Stephen Joseph Harmelin (May 7, 1939 – May 3, 2025) was an American lawyer who specialized in corporate and transactional law. He was the co-chairman of the Philadelphia-based law firm Dilworth Paxson LLP. He also served as the White House Director of Speechwriting and as a White House aide for President Lyndon B. Johnson from 1964 to 1965.

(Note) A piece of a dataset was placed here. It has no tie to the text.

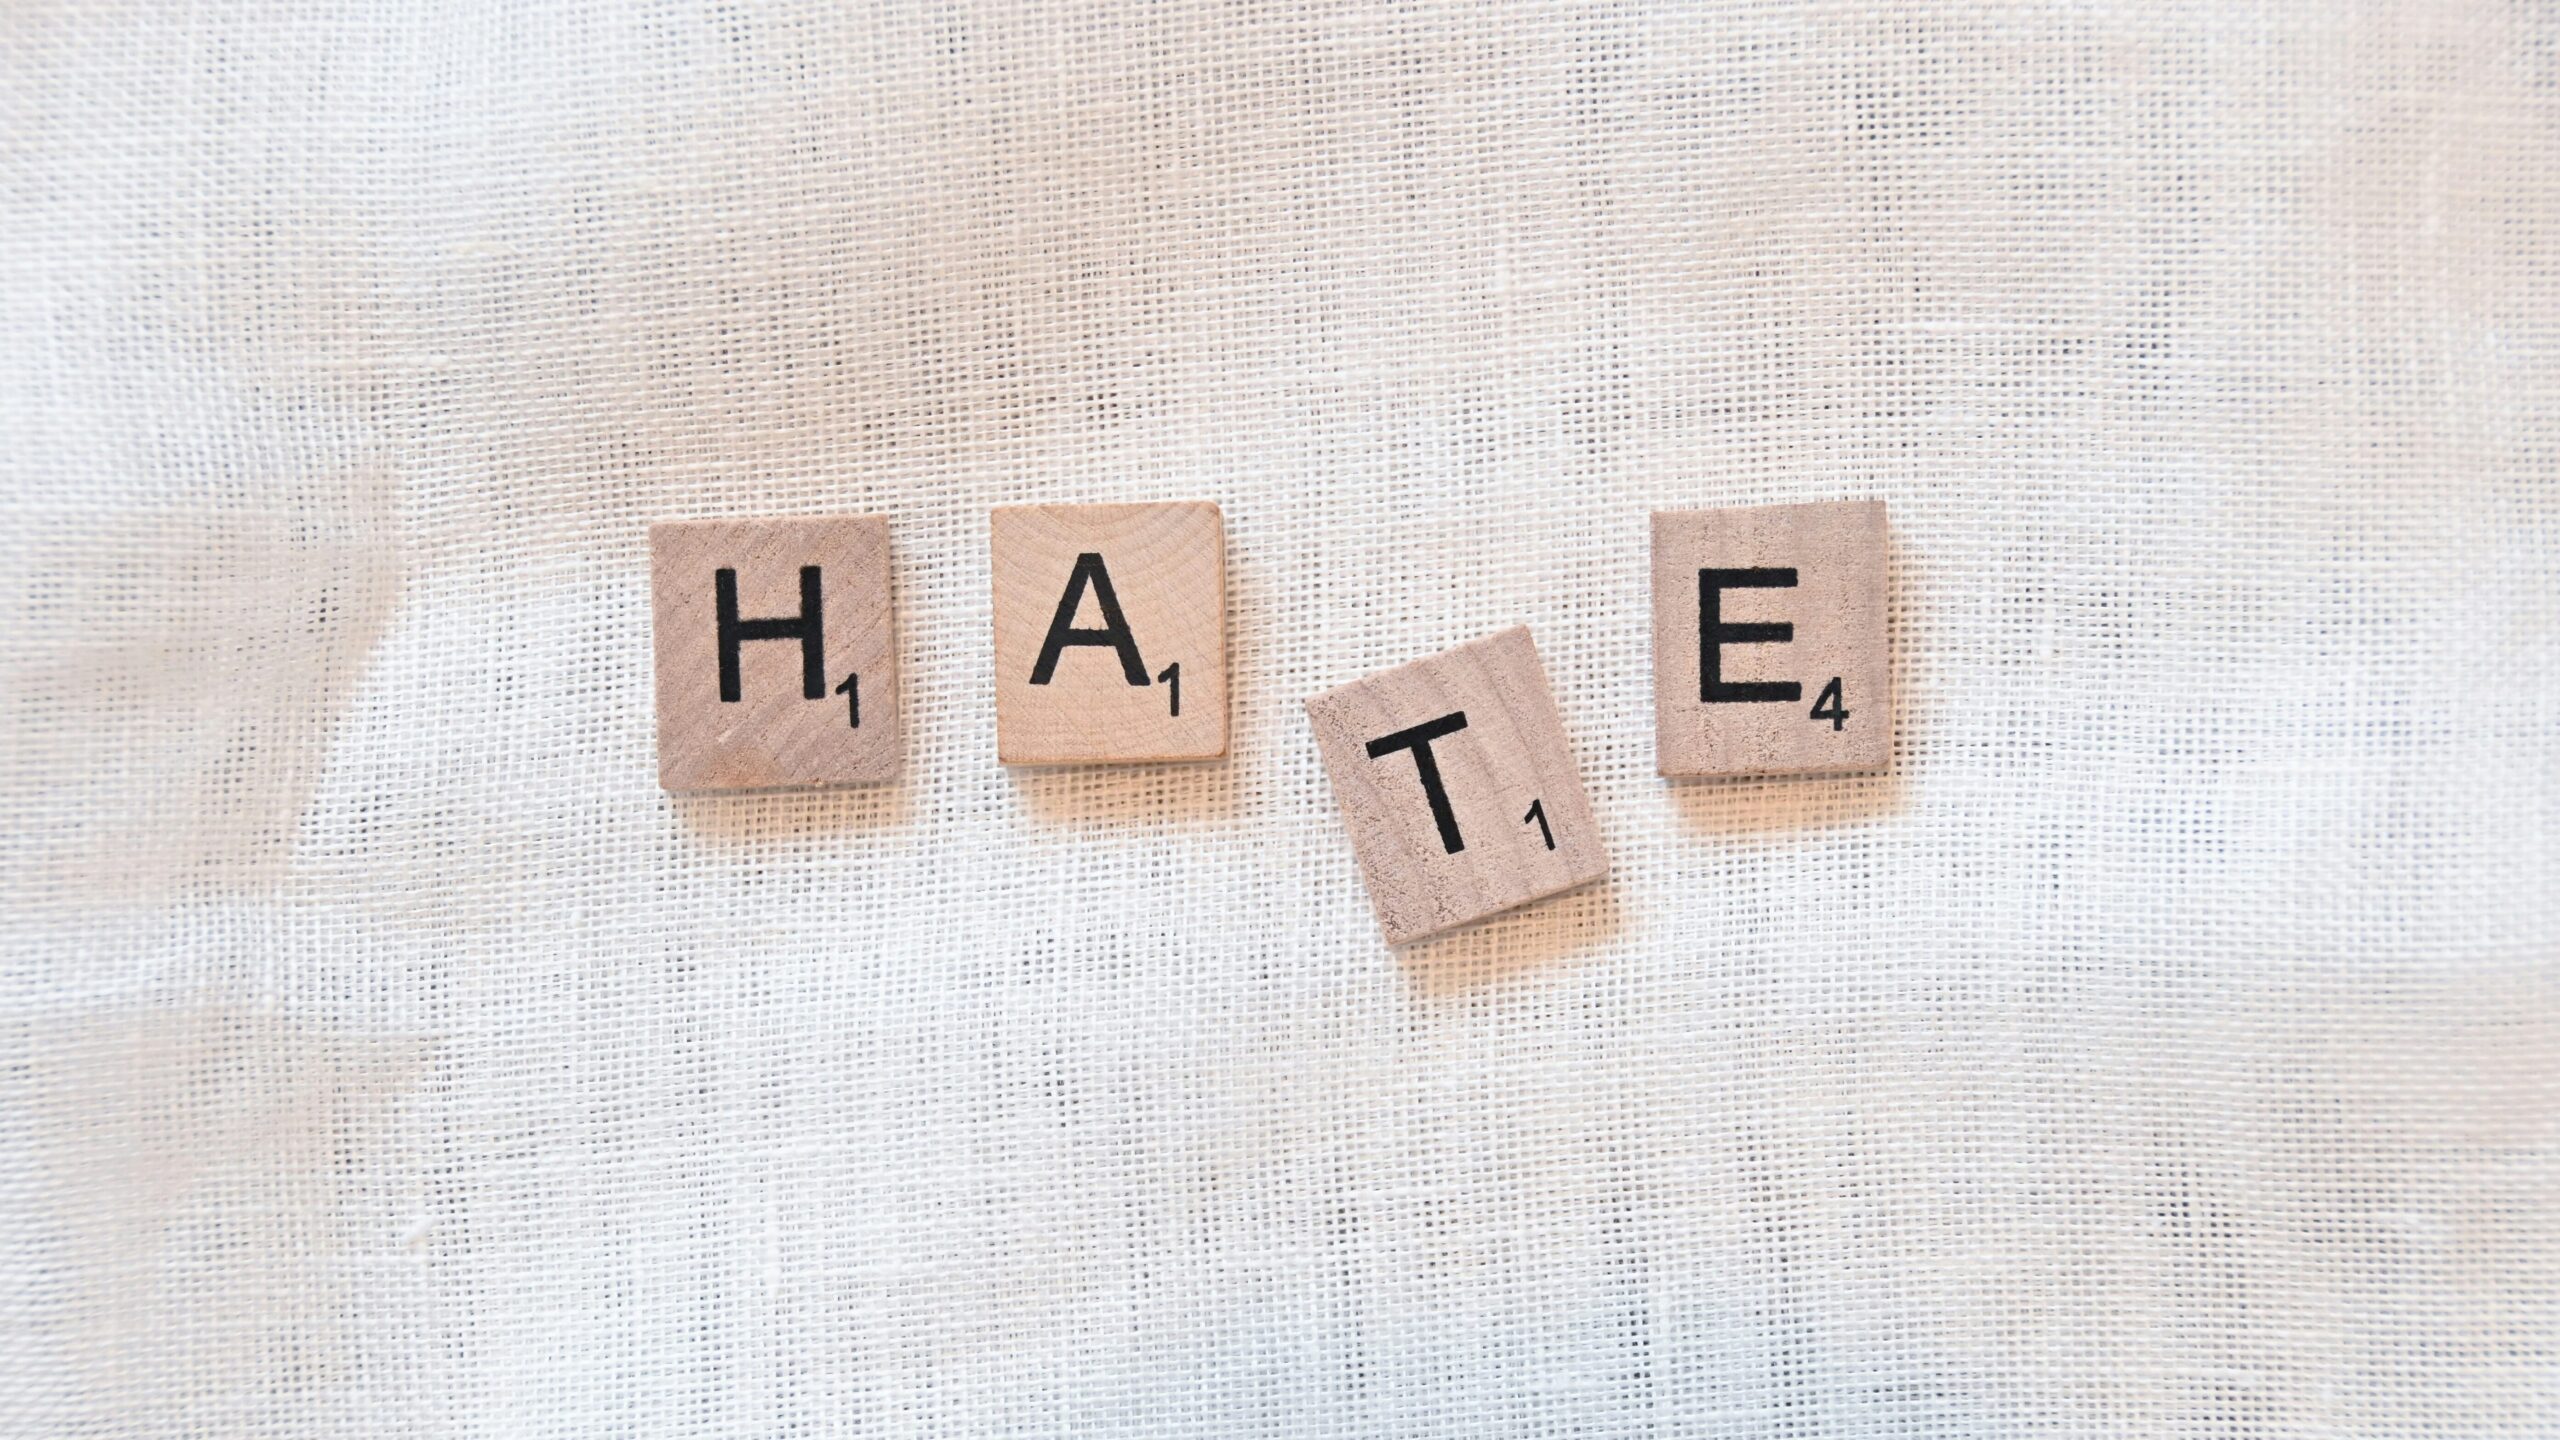 Image of hate spelled out in block letters: How can we overcome hatred?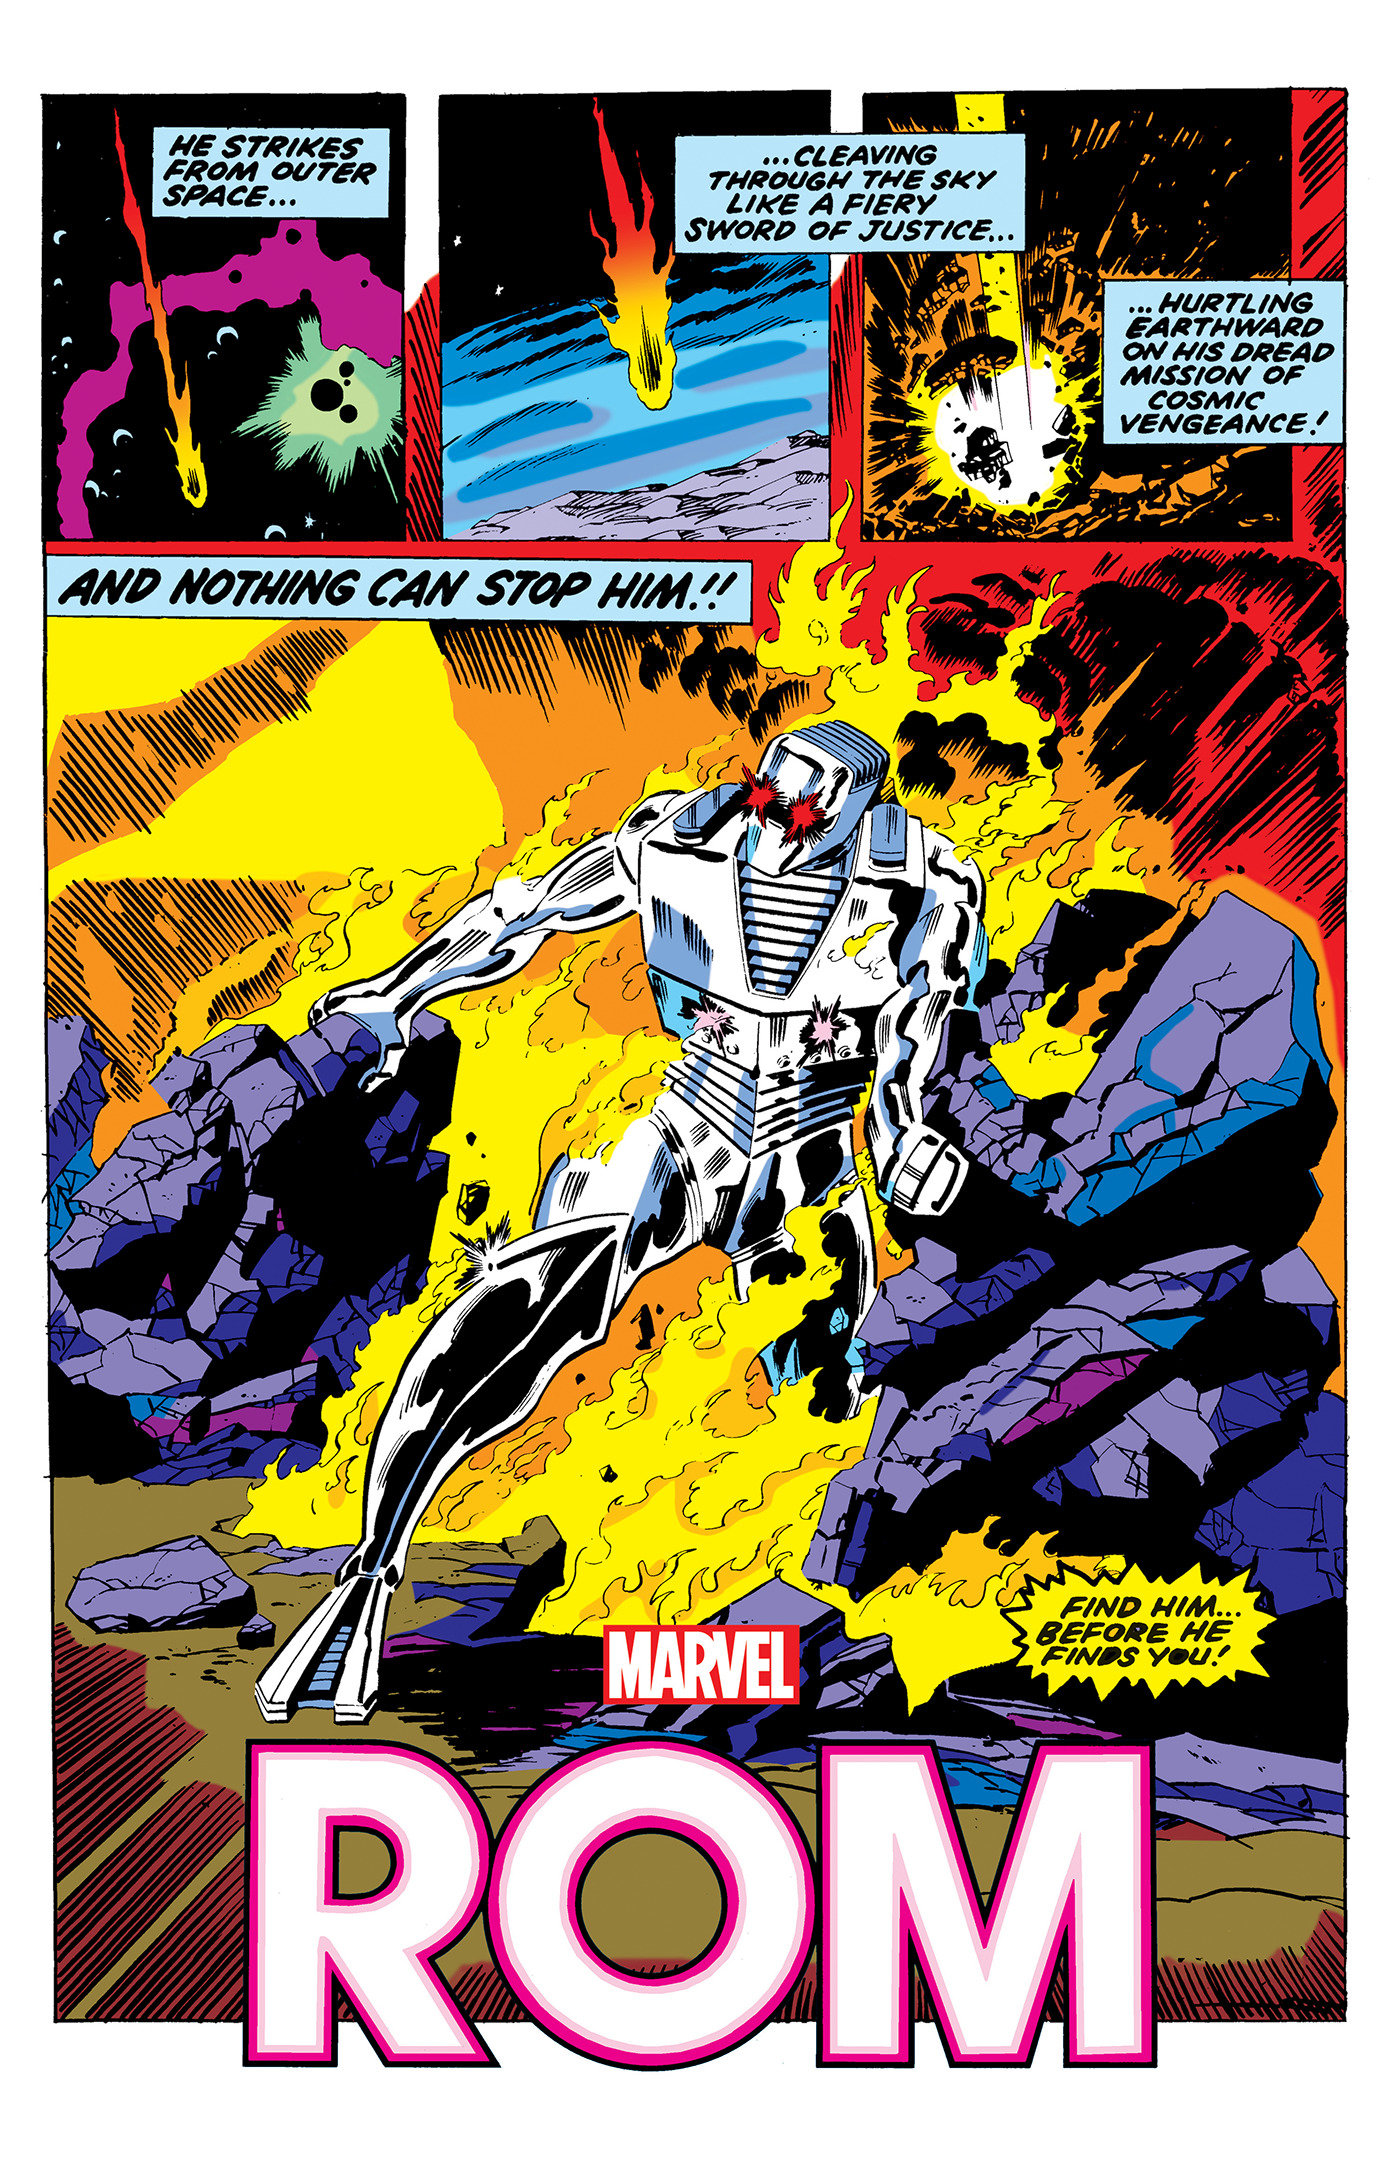 Rom: The Original Marvel Years Omnibus Hardcover Graphic Novel Volume 1 Sal Buscema Cover [Direct Market Edition]

==Early life and education==
Harmelin was born on May 7, 1939, into a Jewish family in Philadelphia, Pennsylvania. Harmelin attended Central High School. He later went on to graduate from the University of Pennsylvania and Harvard Law School. He served in the United States Coast Guard.

==Career==
From 1964 to 1965, Harmelin served as the White House Director of Speechwriting and as a White House aide to President Lyndon B. Johnson. Johnson tasked Harmelin with the creation of the White House Fellows program. He joined Dilworth Paxson LLP in 1965 and worked under former Philadelphia Mayor Richardson Dilworth. In 1970, Harmelin briefly left Dilworth Paxson and served as a Special Philadelphia Assistant District Attorney under Arlen Specter.

In 1989, Harmelin was appointed by Pennsylvania Governor, Bob Casey Sr. as a Commissioner on the Board of the Pennsylvania Convention Center Authority. He served in that role until 2002. In 1992, he served as General Counsel for the Legislative Reapportionment Commission on behalf of the Pennsylvania State Senate and the Pennsylvania General Assembly. From 2007 to 2008, he worked as the receiver ad litem for the Commodity Futures Trading Commission and recovered $170 million, the largest in the commission's history. He also served as a member of the Third Circuit Court of Appeals Task Force to select counsel in certain lawsuits. He retired from Dilworth Paxson in 2019.

Harmelin served as General Counsel to the National Constitution Center. Harmelin was awarded the Replansky Award by the Philadelphia Bar Association Corporate Law Committee for distinguished accomplishments in civics, law, and professionalism. He also sat on the National Constitution Center's Board of Trustees from the center's opening in 2000.

==Personal life==
Harmelin was the founder of the Philadelphia Constitution Foundation, where he led a project to bring the original copy of the Magna Carta to Philadelphia in 1987 as a way to commemorate the U.S. Constitution's 200th anniversary, and then again in 2001. He also sat on the boards of the Barnes Foundation, the Atlantic Legal Foundation, the College of Physicians of Philadelphia, and The Philadelphia Inquirer. He appeared in the History Channel show Save Our History where he spoke about the National Constitution Center. Harmelin helped draft the Russian Federation's Constitution, which was enacted in 1993. In 2013, Harmelin led a project to return Pennsylvania's original copy of the Bill of Rights, which was held in the New York Public Library. He arranged an agreement with the library that allowed the copy to be shared between the library and the state of Pennsylvania for 100 years. According to Jeffrey Rosen, who serves as the president and CEO of the National Constitution Center, "[there is] no one else in American history who's responsible for restoring two original copies of the Bill of Rights to their owners."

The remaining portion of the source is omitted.